▶ **REQUIREMENT**
One exact copy of the listing is needed. It should contain no pictures.

▶ **INFORMATION PROVIDED**
____

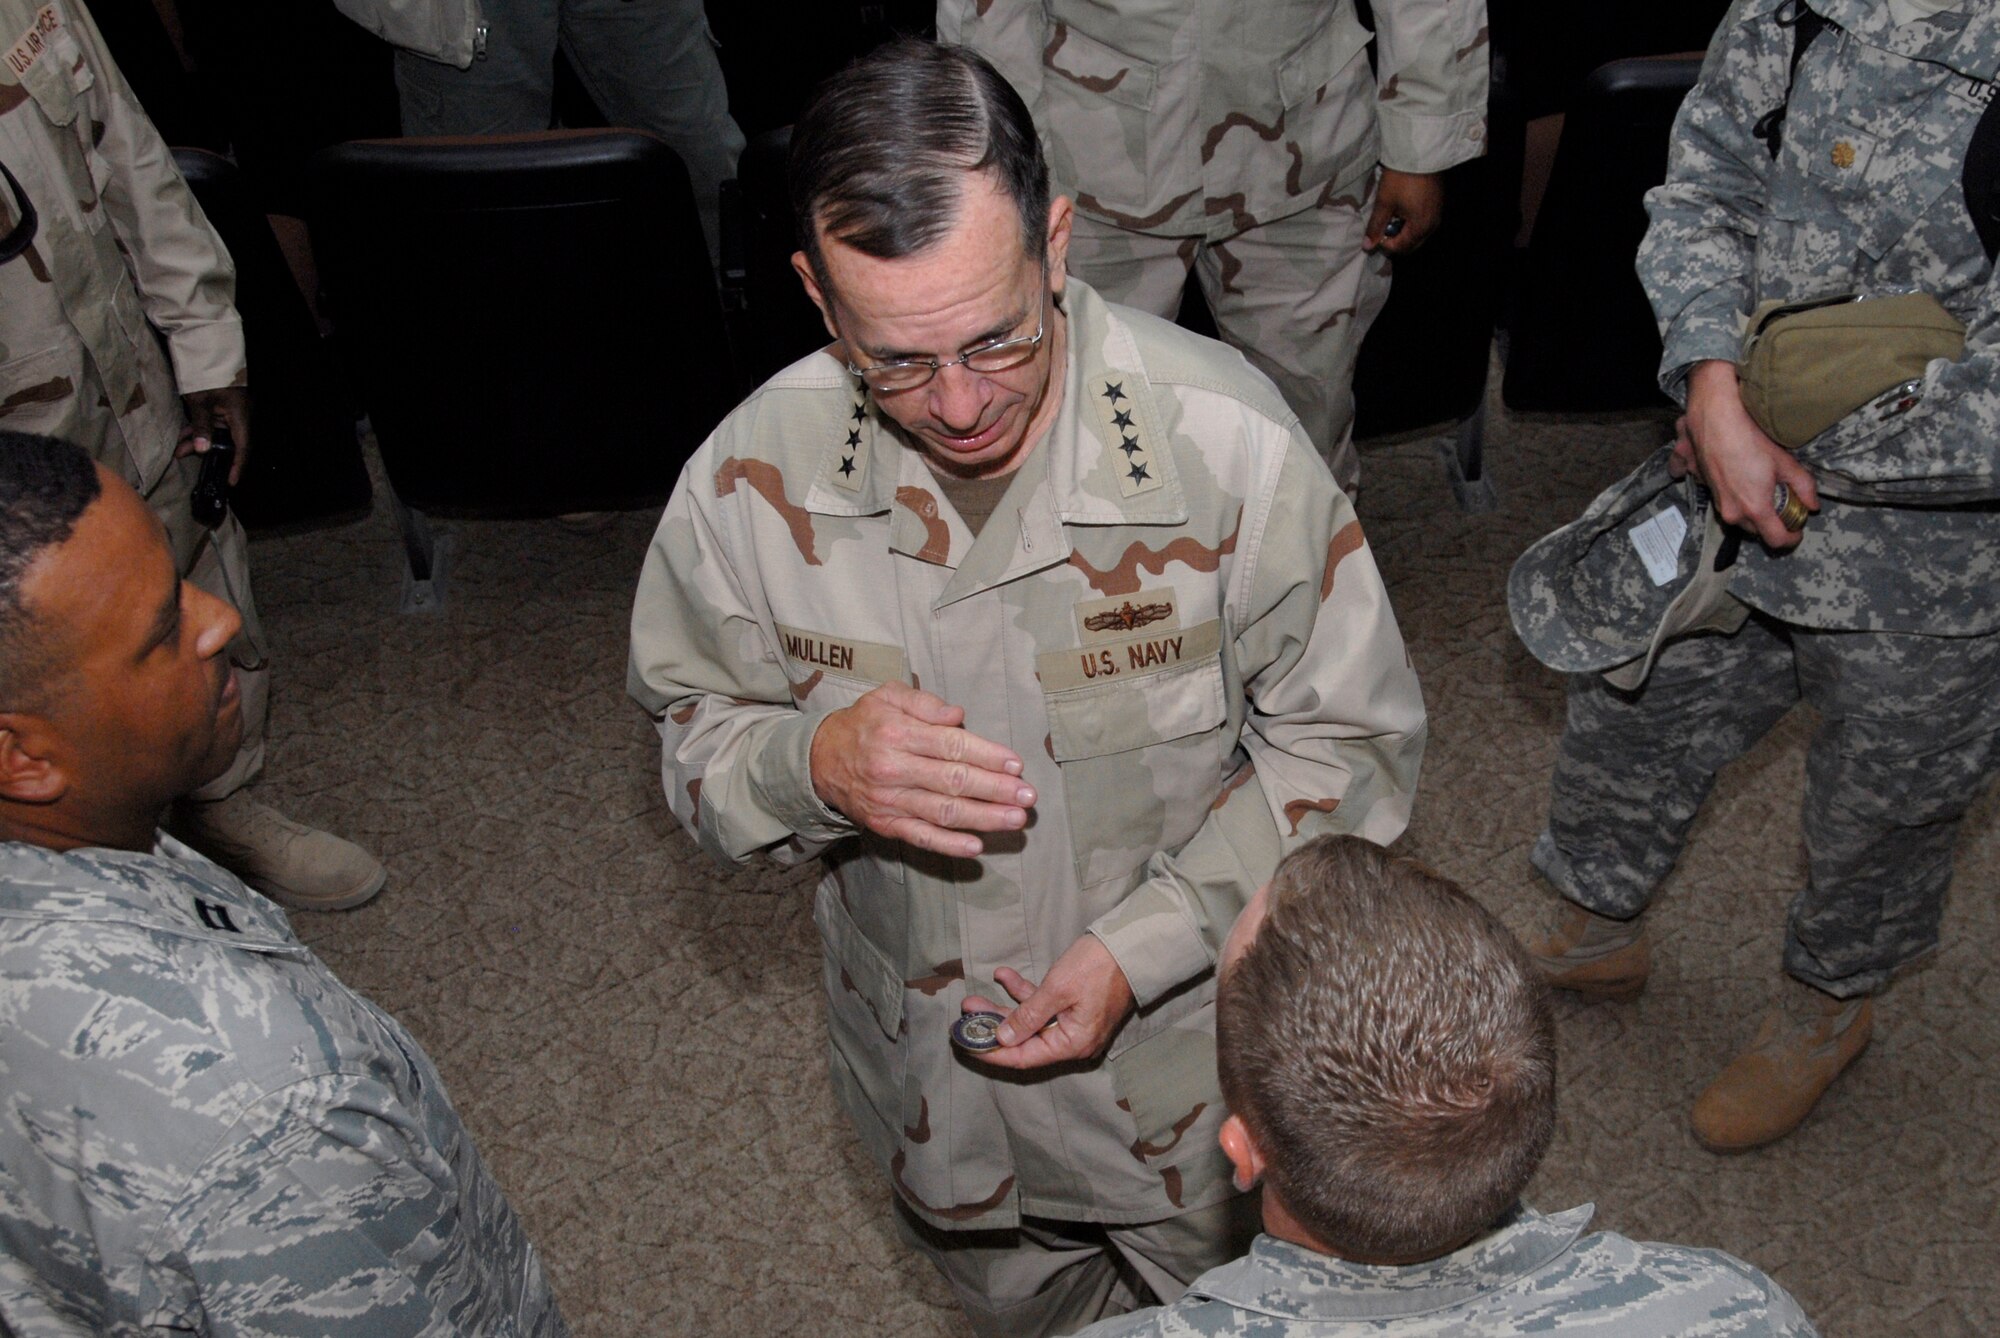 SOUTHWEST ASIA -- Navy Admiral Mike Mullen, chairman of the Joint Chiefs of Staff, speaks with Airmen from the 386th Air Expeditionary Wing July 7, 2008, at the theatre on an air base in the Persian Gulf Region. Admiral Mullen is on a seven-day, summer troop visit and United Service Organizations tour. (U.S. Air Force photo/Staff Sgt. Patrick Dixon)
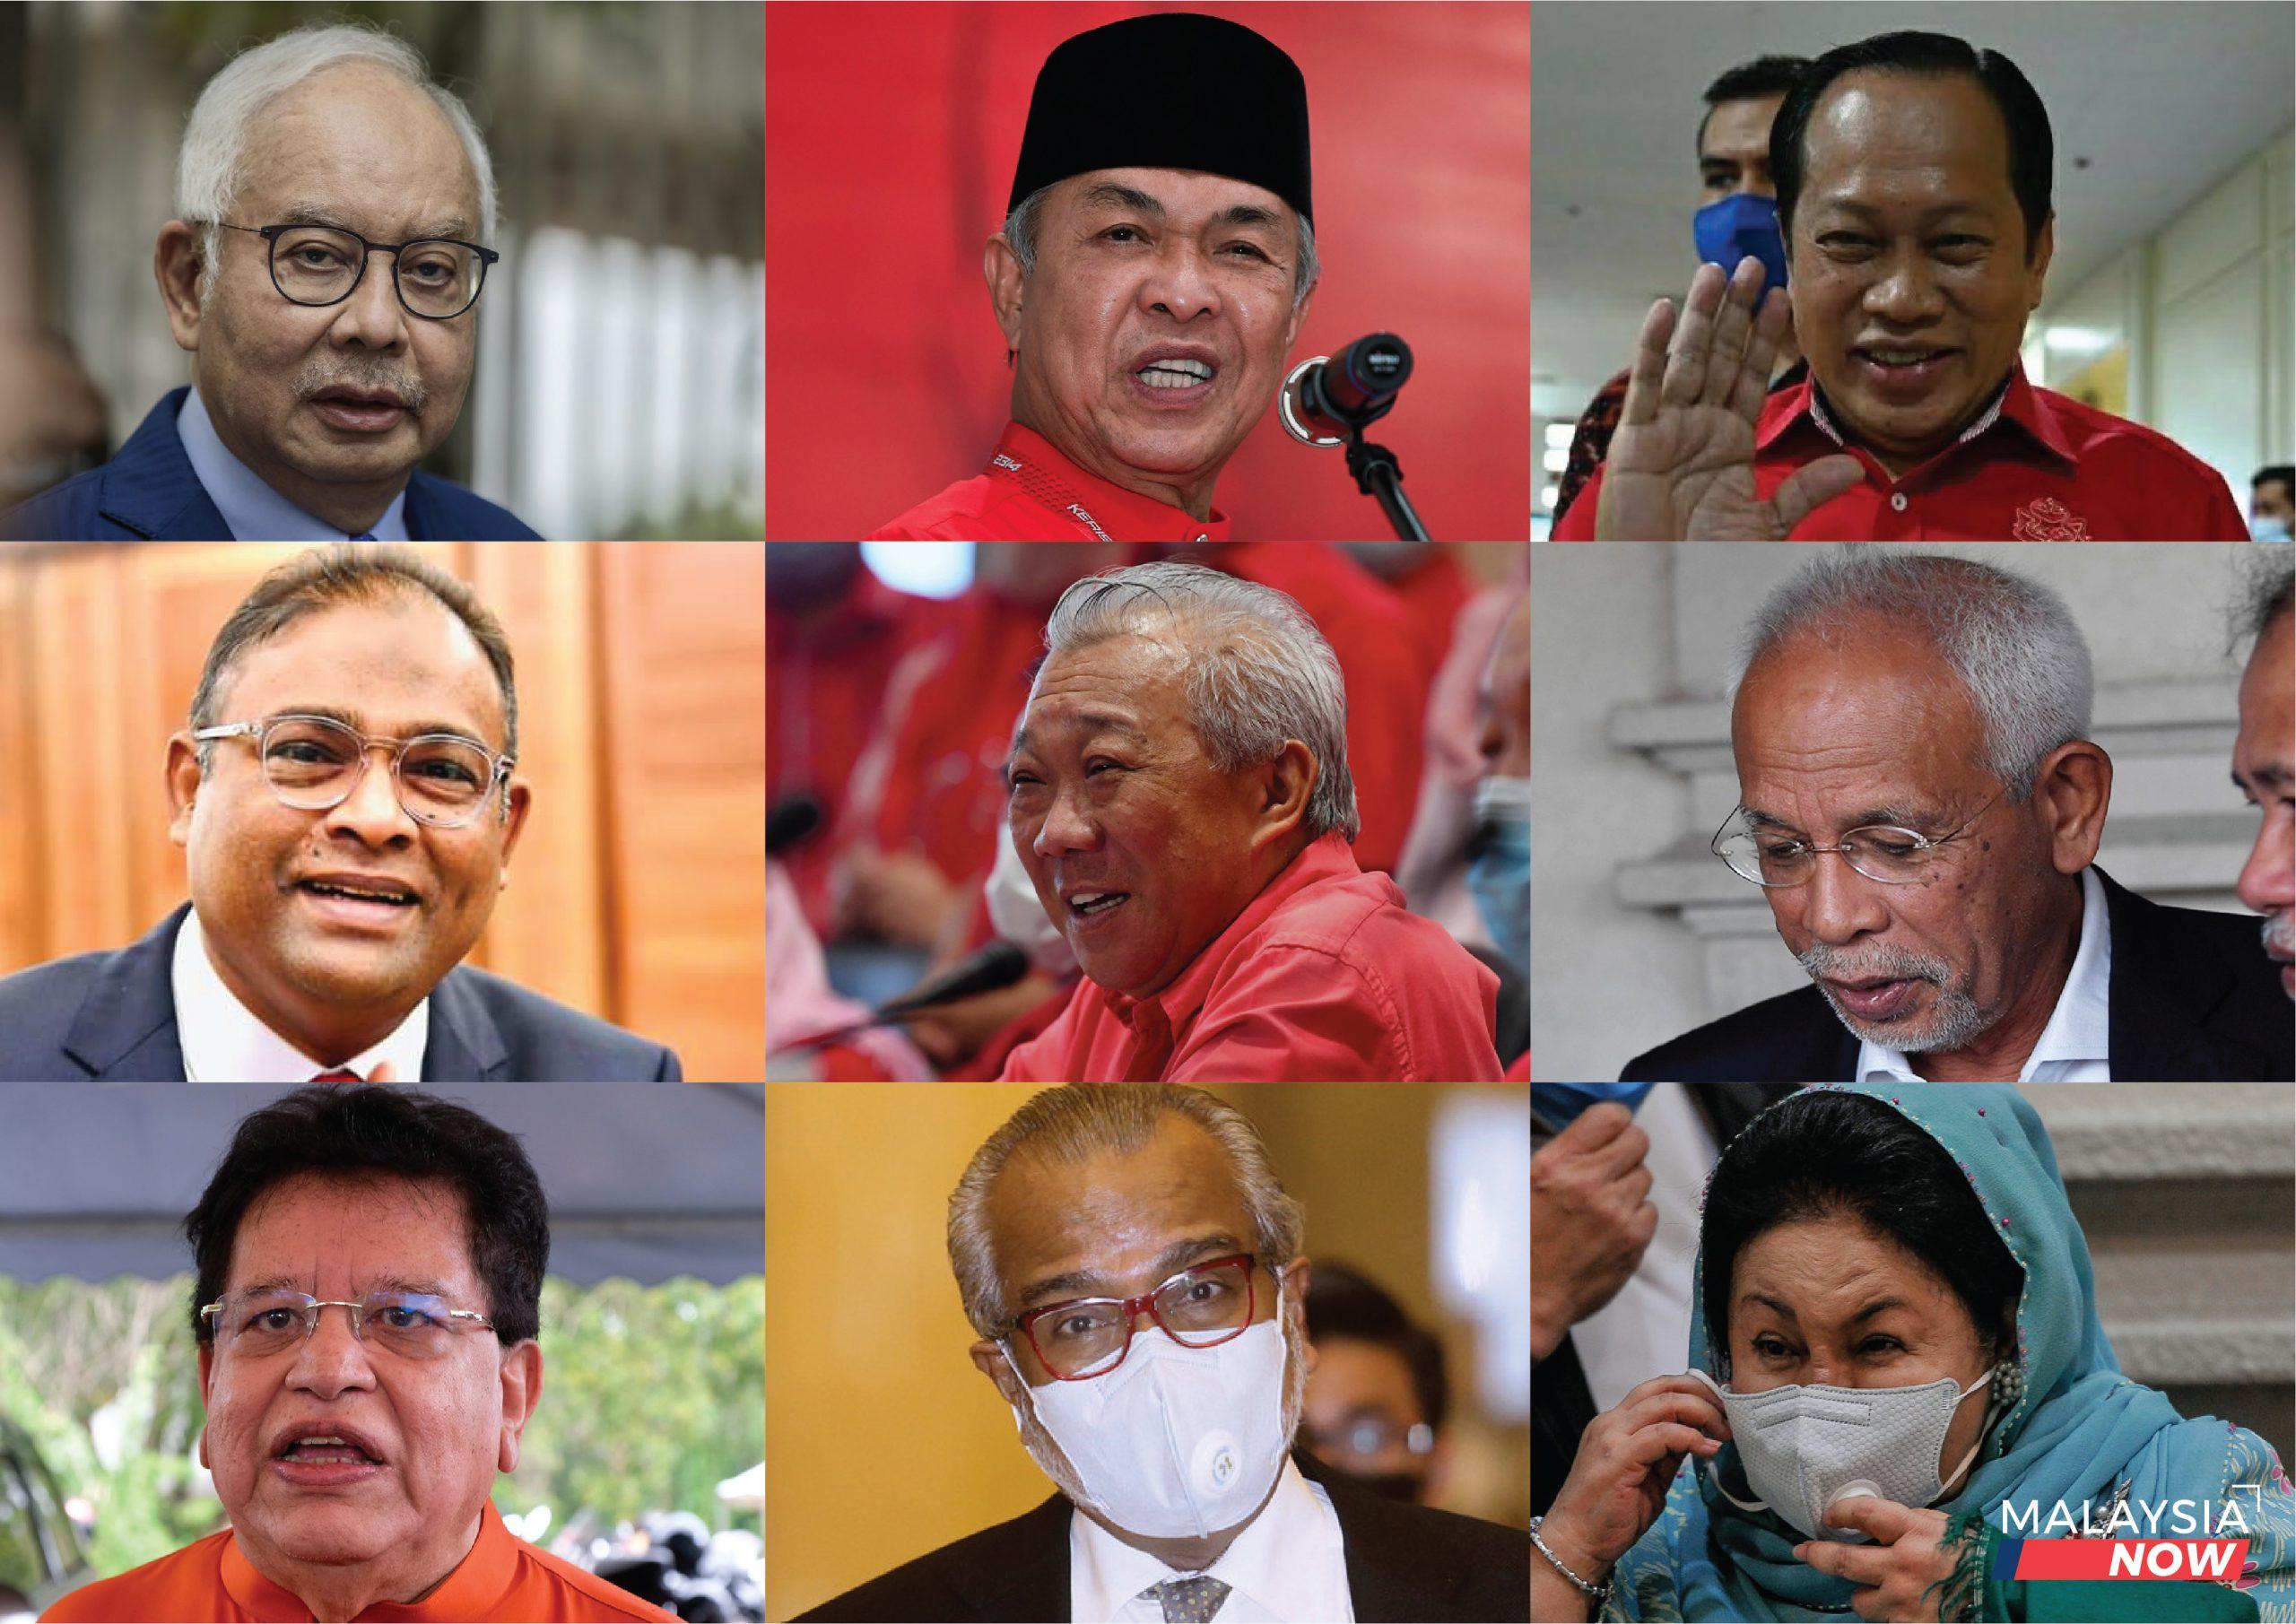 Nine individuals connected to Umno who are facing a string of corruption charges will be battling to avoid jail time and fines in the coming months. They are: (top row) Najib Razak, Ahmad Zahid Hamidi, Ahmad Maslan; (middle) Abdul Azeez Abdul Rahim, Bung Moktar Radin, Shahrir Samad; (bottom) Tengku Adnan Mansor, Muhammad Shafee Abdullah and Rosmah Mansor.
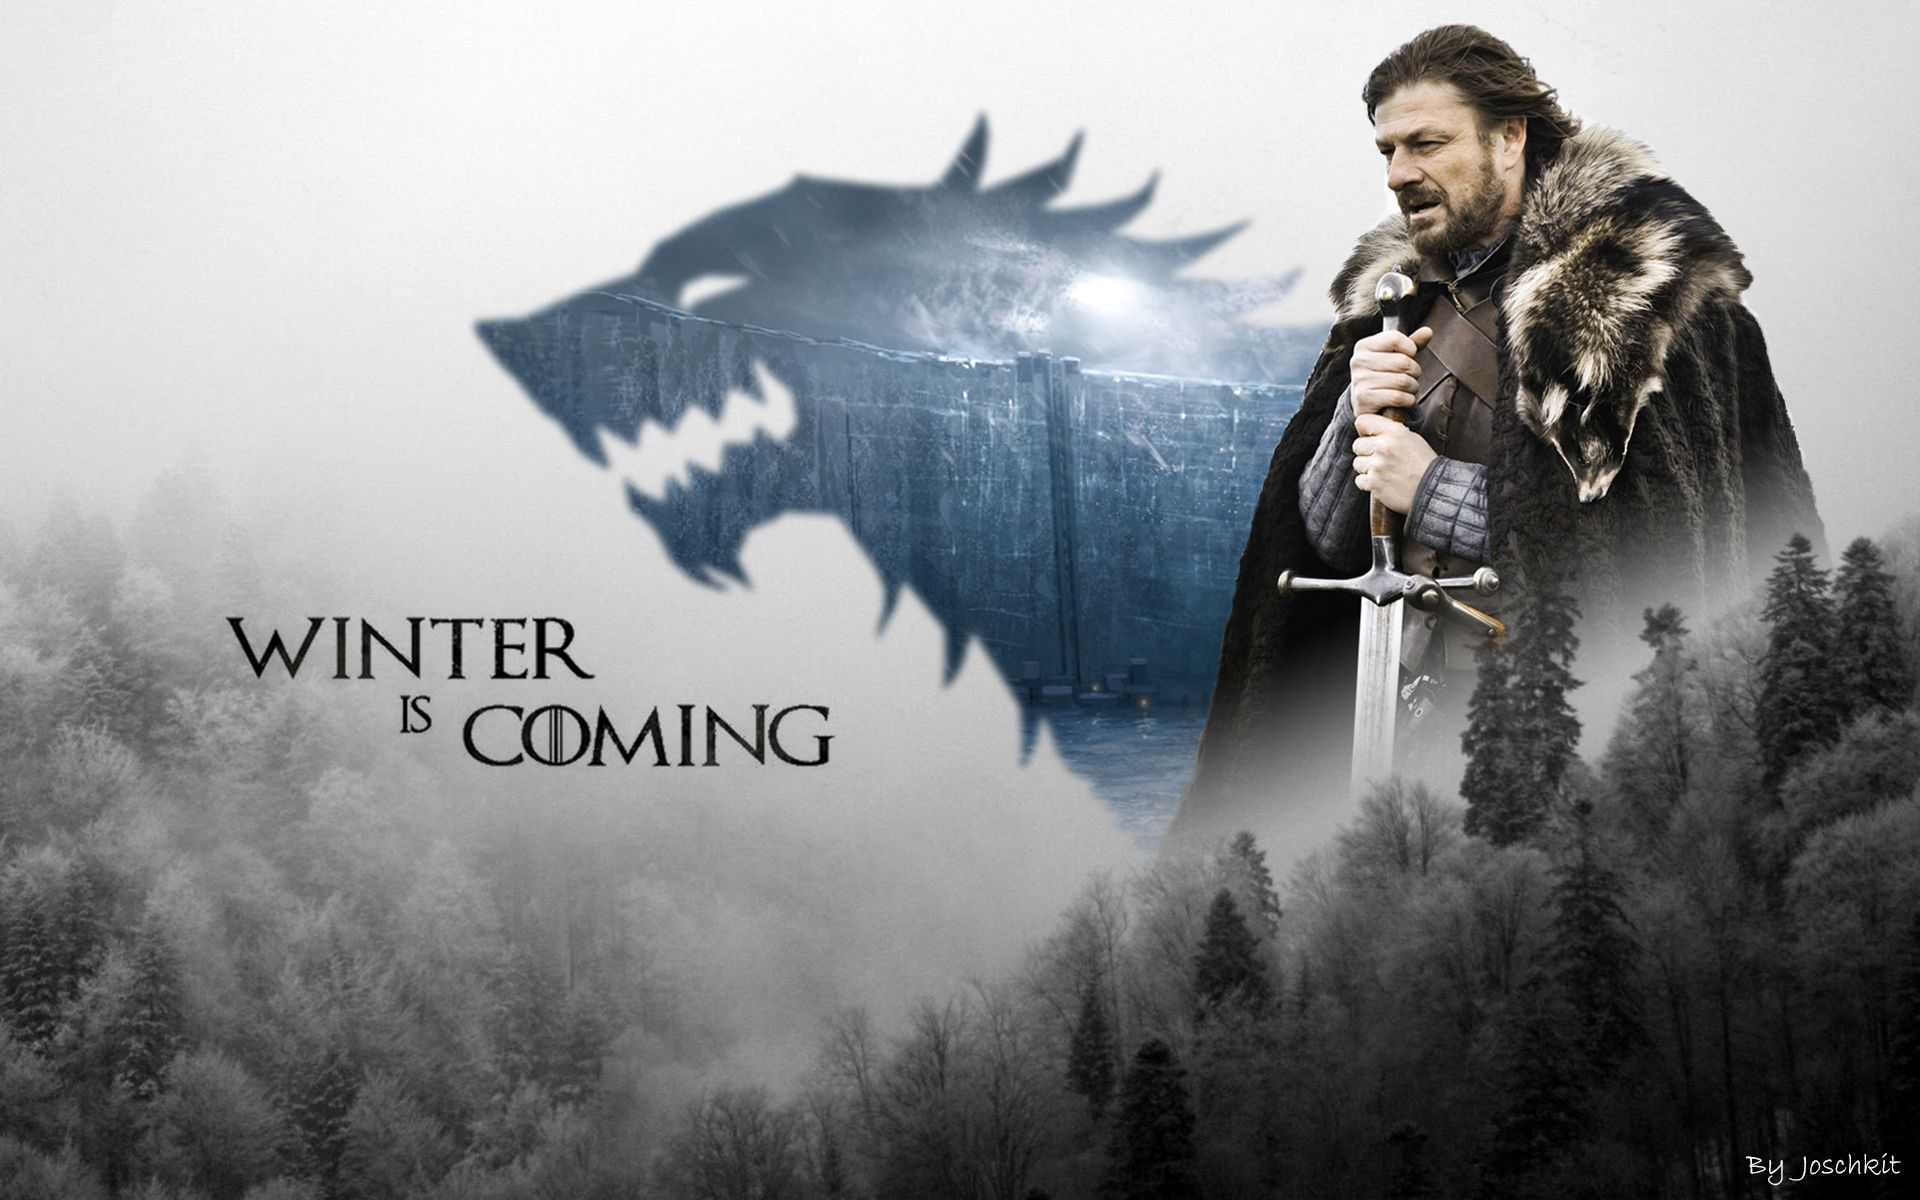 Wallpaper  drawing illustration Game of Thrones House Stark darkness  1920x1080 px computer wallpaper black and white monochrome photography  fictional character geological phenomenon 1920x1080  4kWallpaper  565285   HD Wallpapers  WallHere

____

▶ **OUTPUT FOR THIS TASK**
 SOUTHWEST ASIA -- Navy Admiral Mike Mullen, chairman of the Joint Chiefs of Staff, speaks with Airmen from the 386th Air Expeditionary Wing July 7, 2008, at the theatre on an air base in the Persian Gulf Region. Admiral Mullen is on a seven-day, summer troop visit and United Service Organizations tour. (U.S. Air Force photo/Staff Sgt. Patrick Dixon)
 Nine individuals connected to Umno who are facing a string of corruption charges will be battling to avoid jail time and fines in the coming months. They are: (top row) Najib Razak, Ahmad Zahid Hamidi, Ahmad Maslan; (middle) Abdul Azeez Abdul Rahim, Bung Moktar Radin, Shahrir Samad; (bottom) Tengku Adnan Mansor, Muhammad Shafee Abdullah and Rosmah Mansor.
 Wallpaper  drawing illustration Game of Thrones House Stark darkness  1920x1080 px computer wallpaper black and white monochrome photography  fictional character geological phenomenon 1920x1080  4kWallpaper  565285   HD Wallpapers  WallHere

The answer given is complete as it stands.